------ Listed entries ------

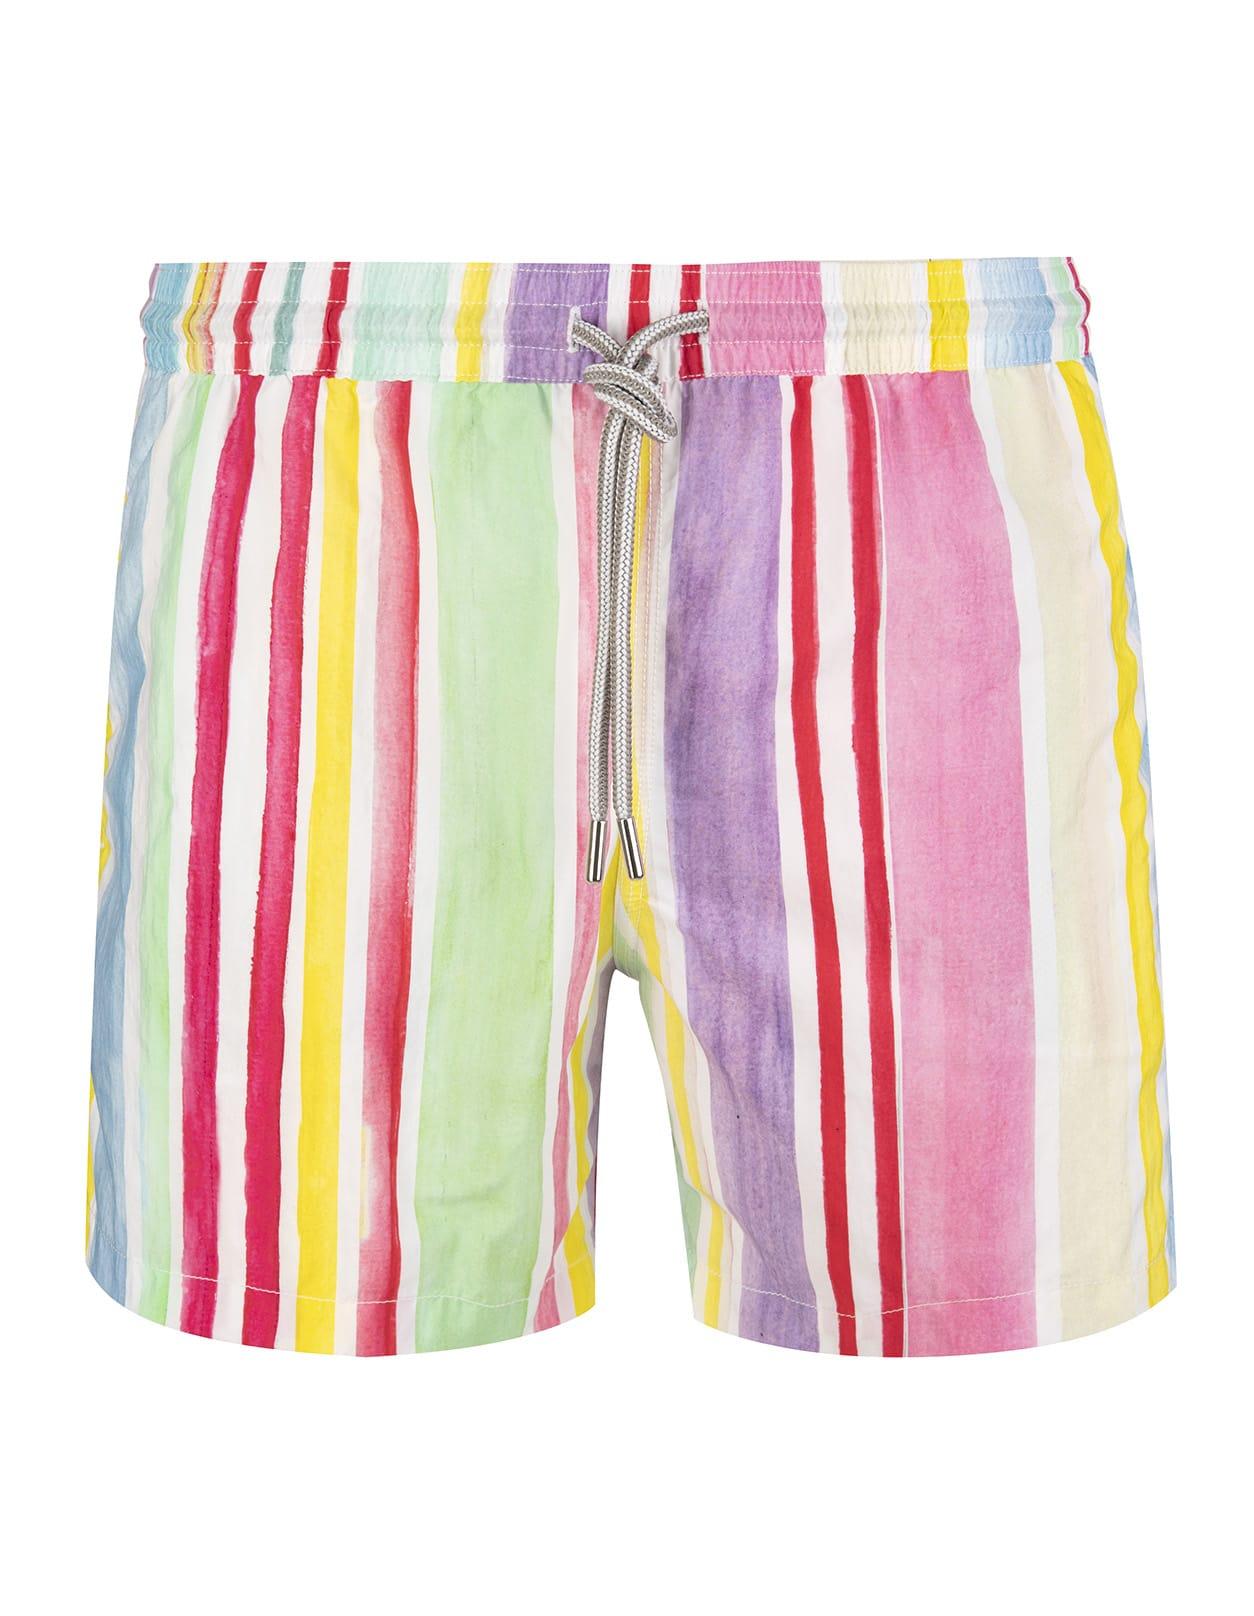 Pastel Striped Swimsuit
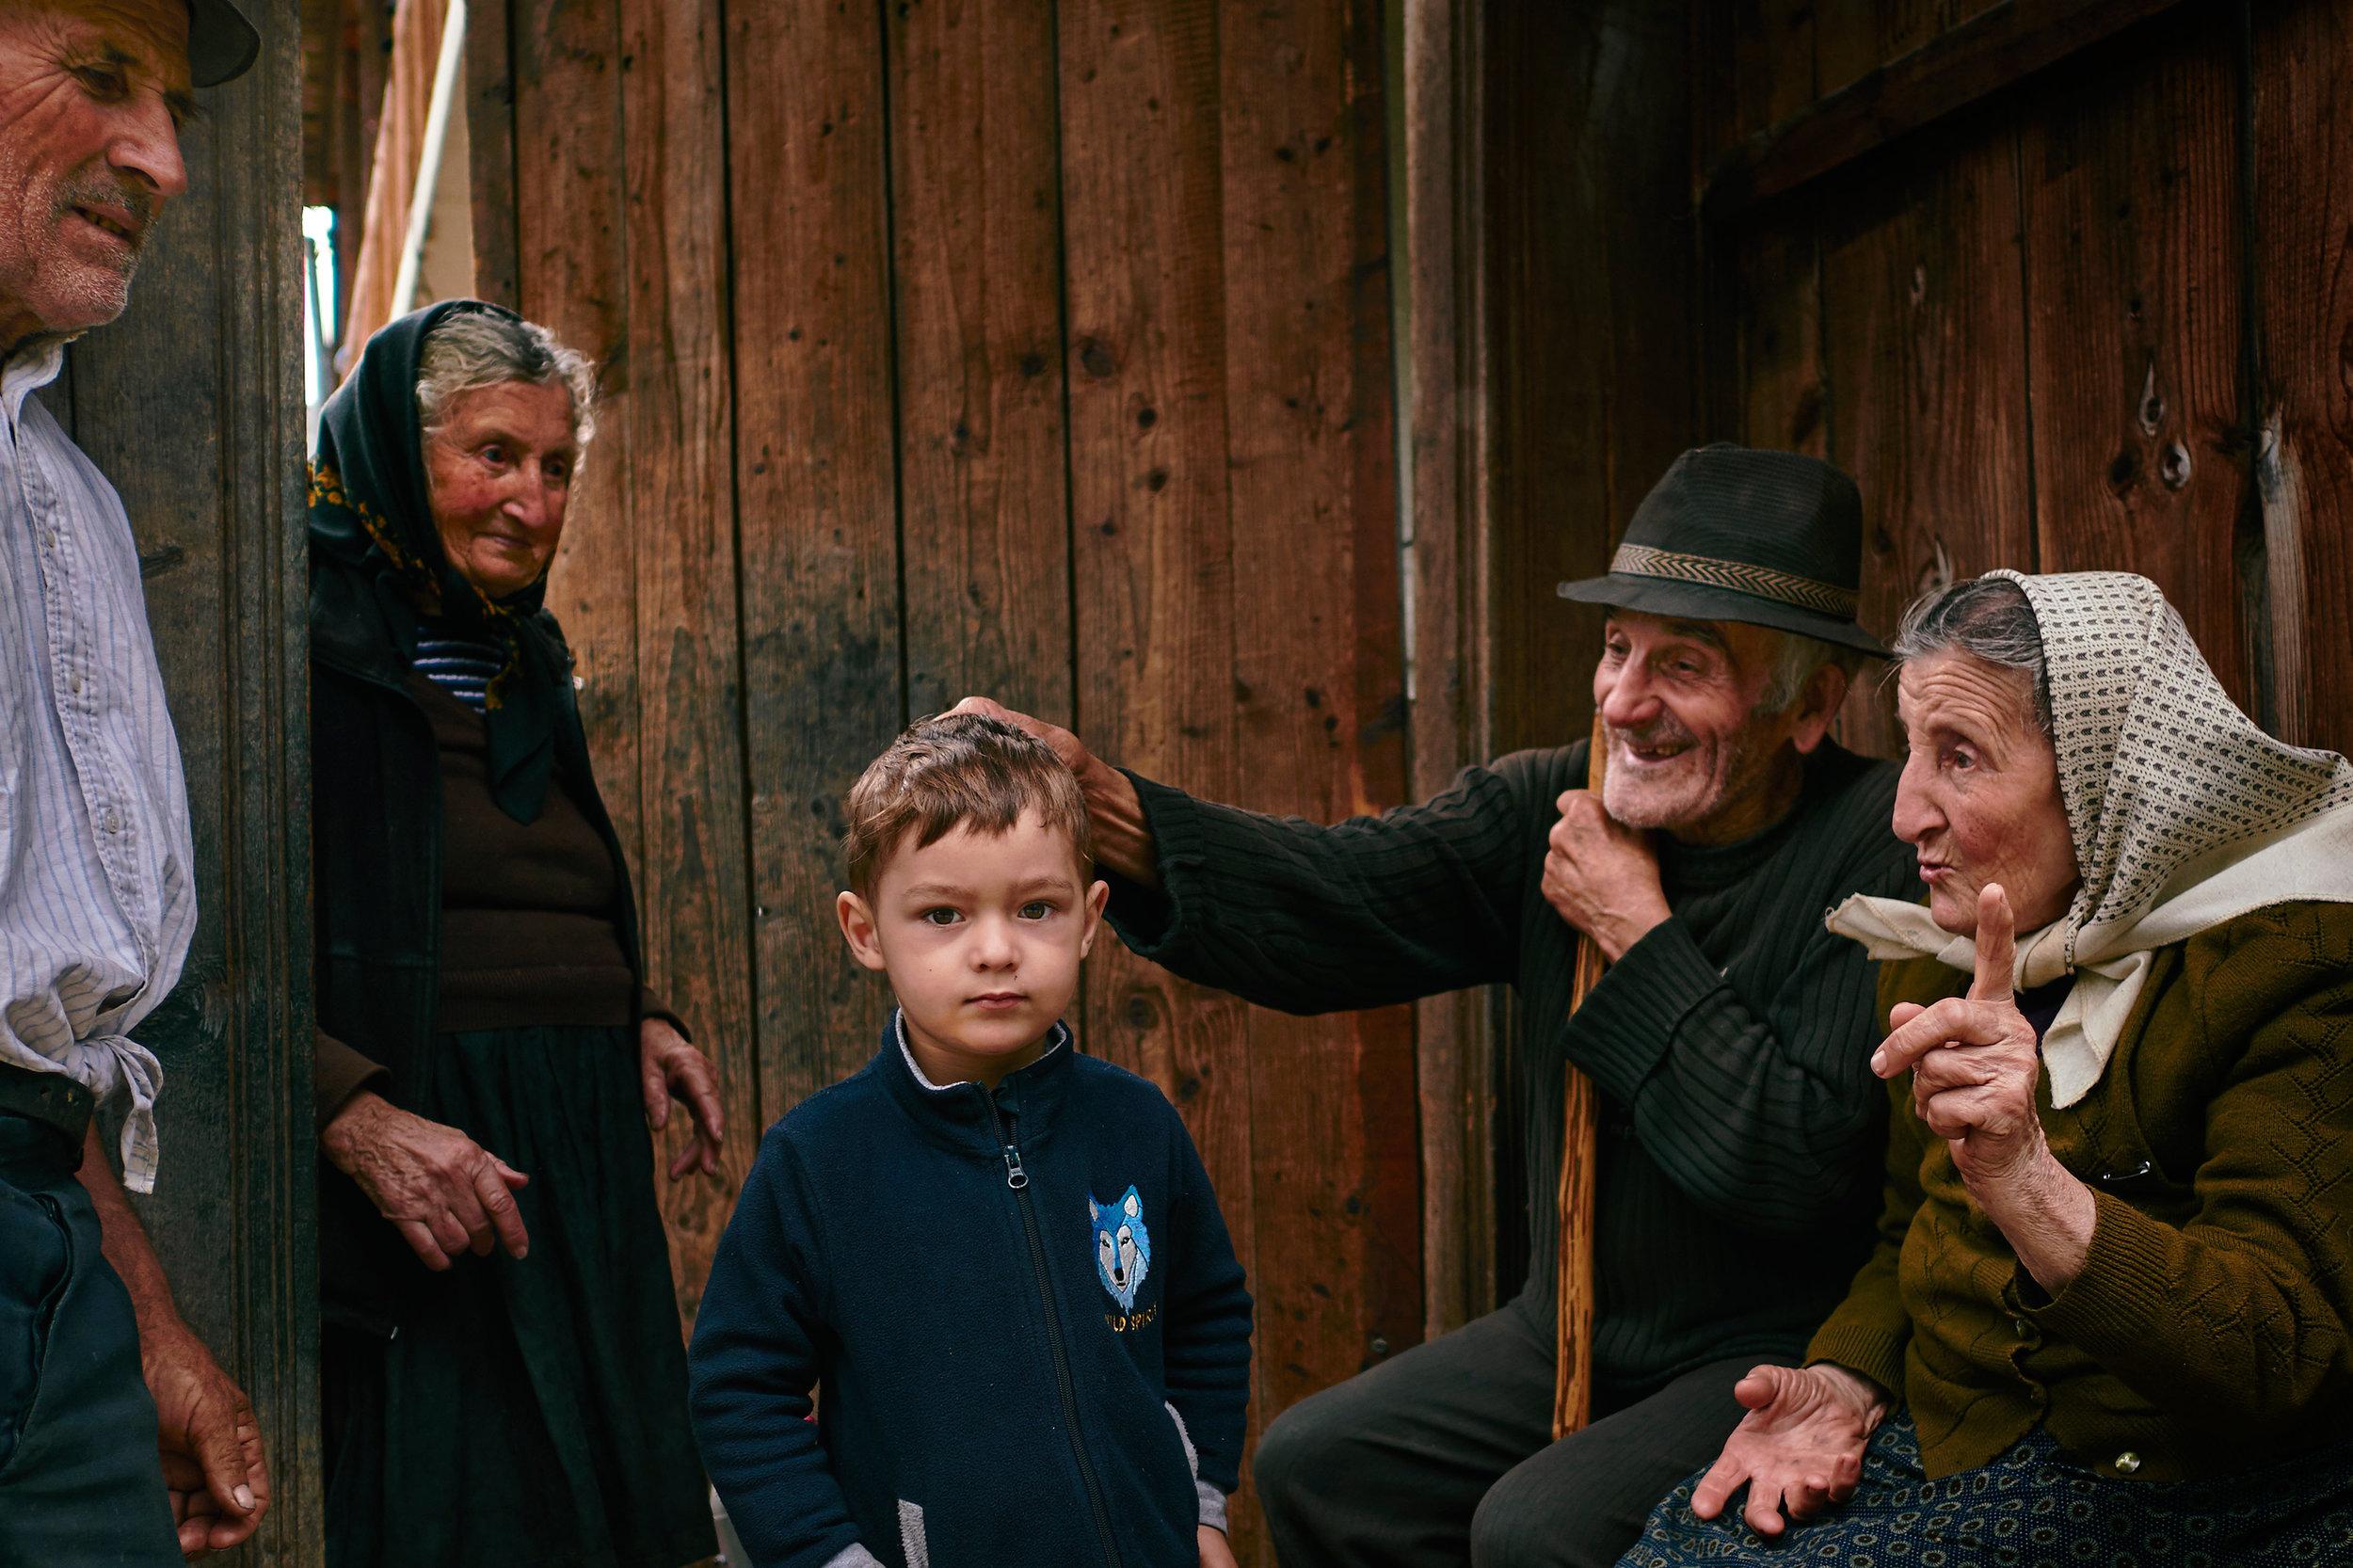 Maramures-Romania-village-street-life
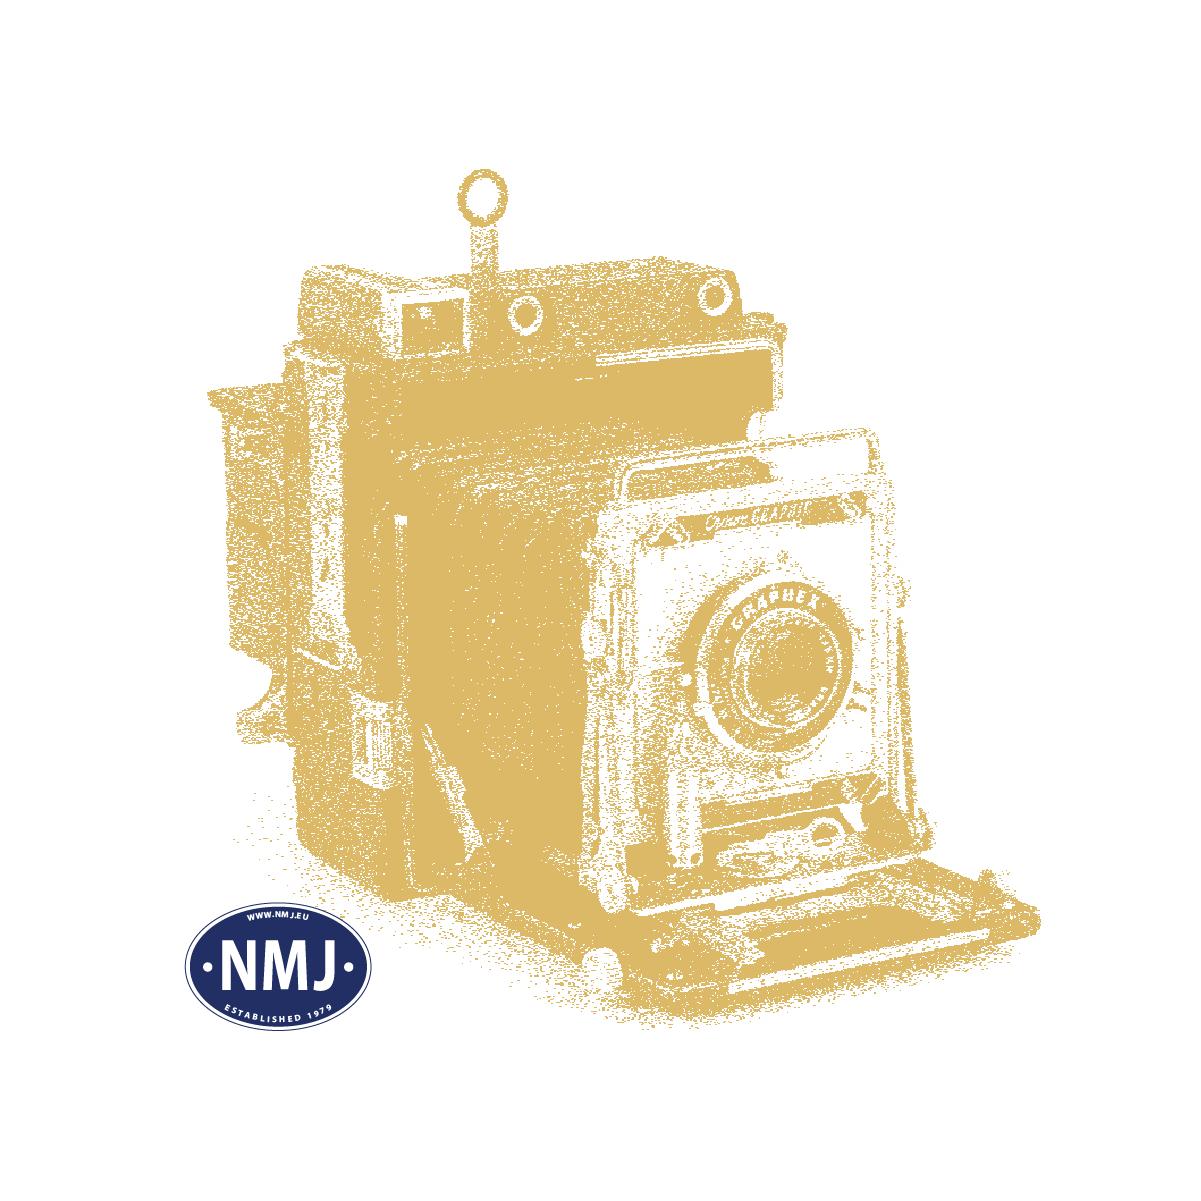 NMJT106.501 - NMJ Topline Personenwagen B3-6.25651 der NSB, rot/grau/silber
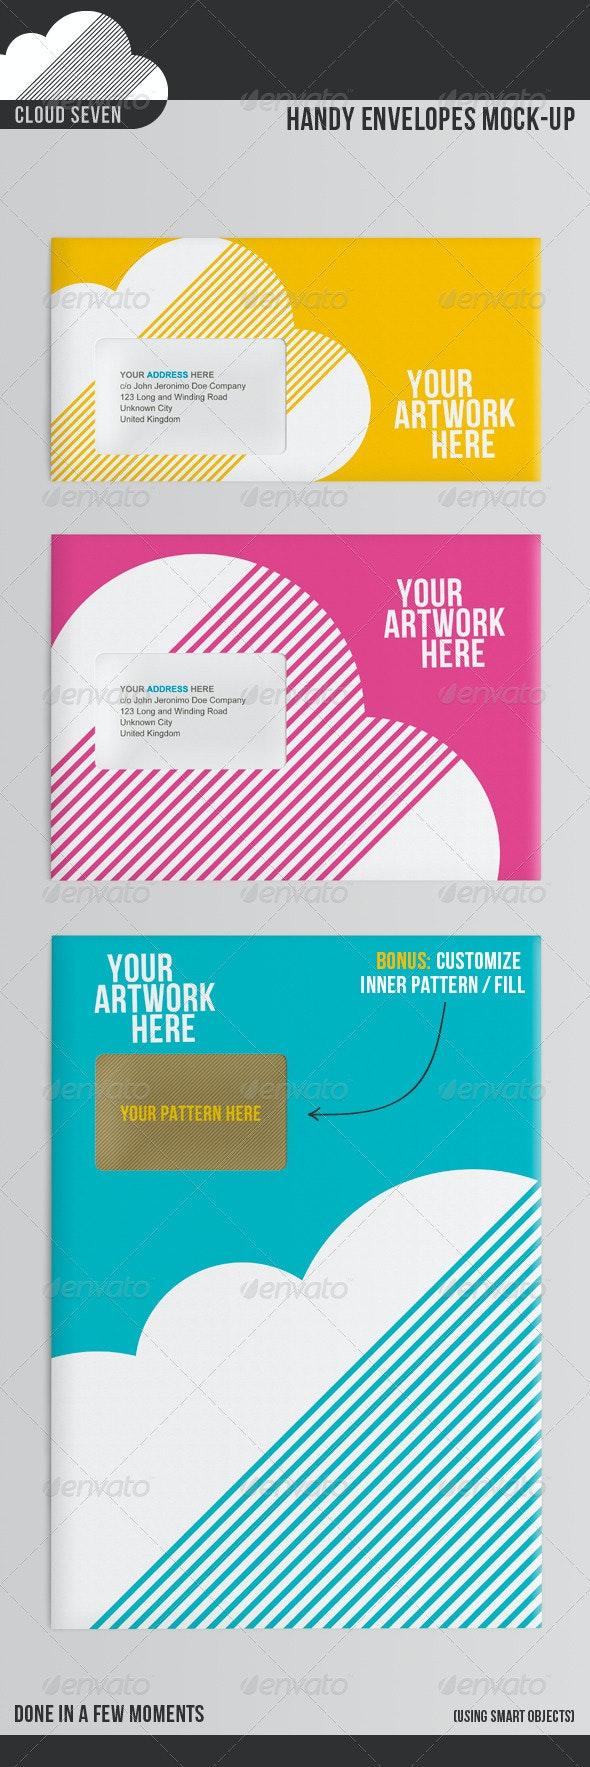 Handy Envelopes Mock Up - Stationery Print
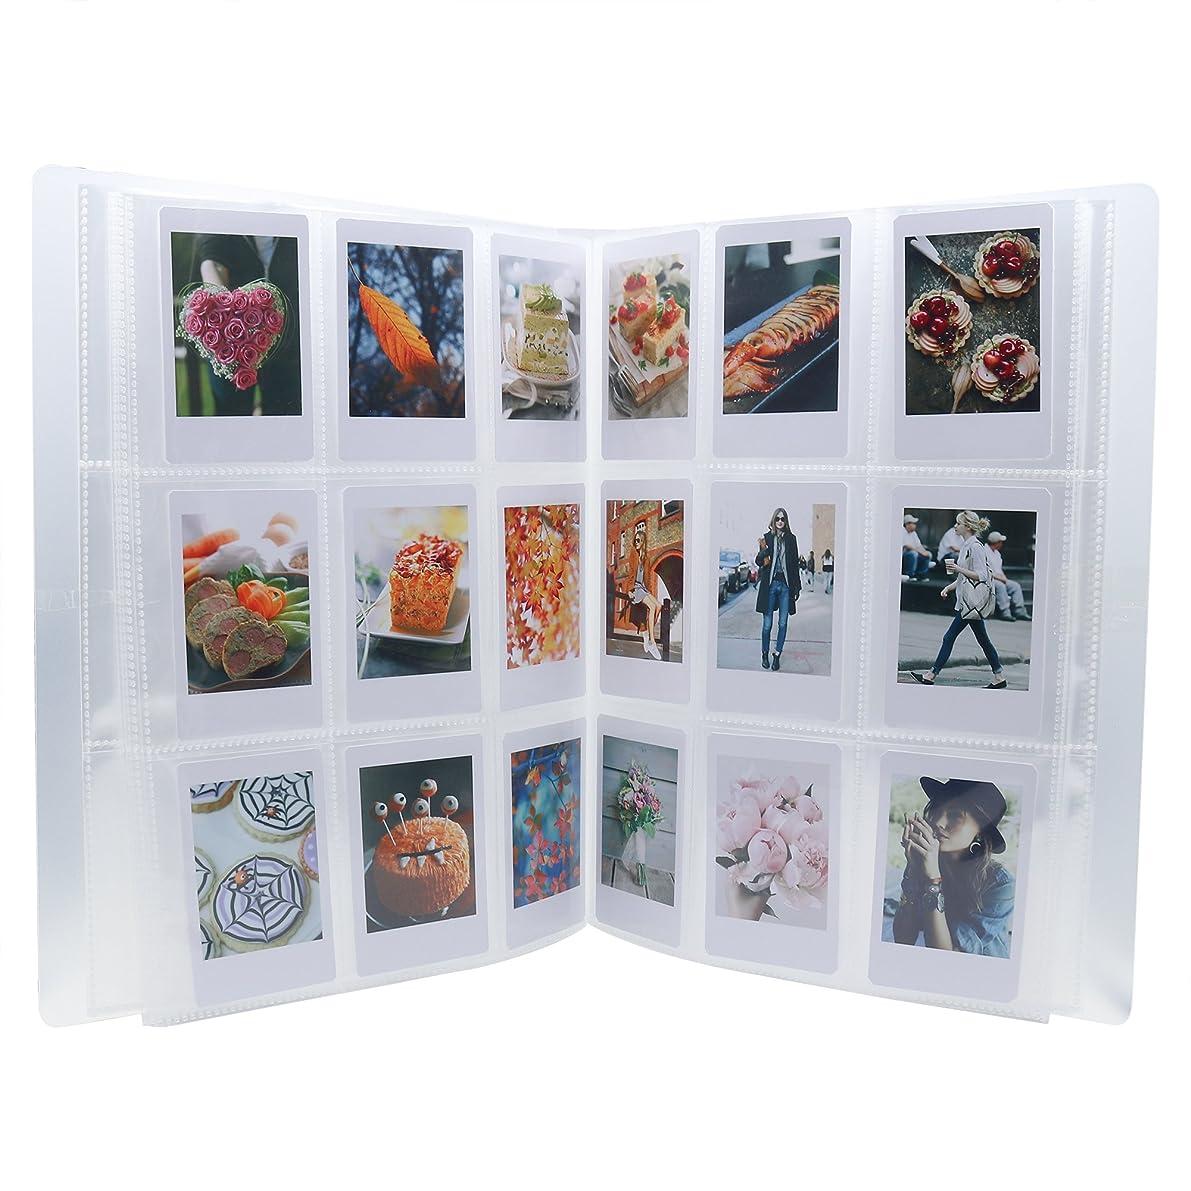 Ablus 288 Pockets Mini Photo Album for Fujifilm Instax Mini 7s 8 8+ 9 25 26 50s 70 90 Film, Name Card & 3 Inch Pictures

------

Could you repeat exactly the lines from the one containing "NMJT106.501 - NMJ" through the last line of the records, both included, without the pictures?

• Task output:
 NMJT106.501 - NMJ Topline Personenwagen B3-6.25651 der NSB, rot/grau/silber
 Handy Envelopes Mock Up - Stationery Print
 Ablus 288 Pockets Mini Photo Album for Fujifilm Instax Mini 7s 8 8+ 9 25 26 50s 70 90 Film, Name Card & 3 Inch Pictures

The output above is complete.